SATURDAY 19 AUGUST BROOME
It was a beautiful day. Seems that at the moment it is getting to the high 20’s during the day, but cools right down at night. Very pleasant weather.
This was the last weekend of the annual Shinju Matsuri Festival, so quite a bit was happening. This event that spreads over more than a week, is a celebration of Broome – its early days as a pearling port in the late 1800’s – and the multi cultural mix that has resulted from those times.
We rode the bikes down town to the weekly Courthouse Markets, held in the gardens of that building. The stalls had a lot of hippie-type stuff – bead work, pottery and so on. There were some Asian food stalls – to be expected with the Japanese, Indonesian, Chinese influences of the past, here.
We had a good browse about. I bought some corn, tomatoes and bananas and a frog magnet for a fridge. We bought some Indonesian food for lunch – it was alright. It was really pleasant, sitting on a bench, in the shade of a huge tree, eating and watching the passing people.
John wanted to see the Art Show and prize winners, associated with the festival, so we rode around, looking for that, eventually finding it at Matso’s Broome Brewery Cafe.
En route, we found a second-hand book shop. John wanted me to buy a novel – he knows how I have been missing reading of late. I got a cheap one that he could read too. He bought an atlas – to help him with the Railroad Tycoon computer game he plays!

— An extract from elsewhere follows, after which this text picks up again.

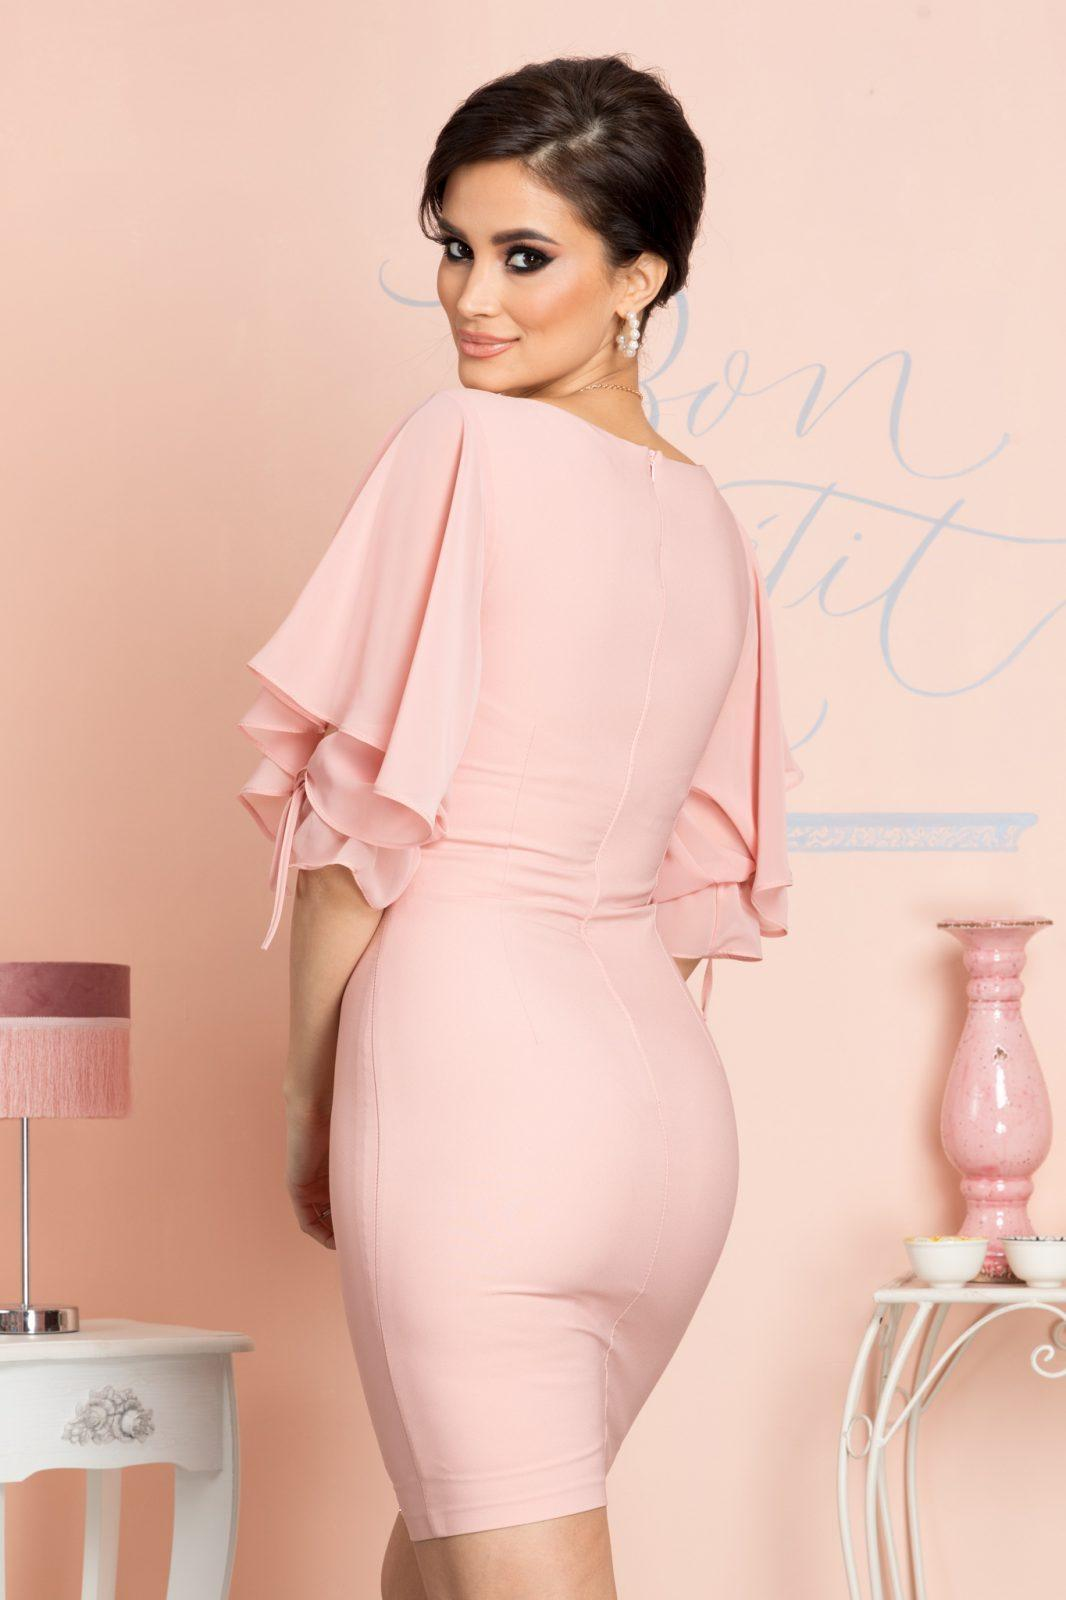 Karla Ροζ Φόρεμα 7072

The art show work was only average, I thought. Mostly not to my taste.
We rode back to Coles for potatoes and meat.
Much of the day was gone by the time we got back to the van.

Our site at Roebuck Bay Caravan Park
It was good fun, zipping about Broome on the bikes.
I was disappointed to see the numbers of derelict and semi-derelict aborigines in the park at the oval/sports area, drinking there, despite the displayed signs about no alcohol being allowed. I didn’t remember this as an issue, last time, but guess the rain then had driven them all indoors.
It was interesting and unusual that this area, which was right on the main tourist strip, had two sets of public toilets, almost adjacent. One set were open public ones, and the other were ones where the doors were coin operated.
For the remainder of the afternoon, John watched Carlton win the football game.
Tea was scotch fillet steak, mushrooms, potato. The steak was the nicest I’d ever had – so tender.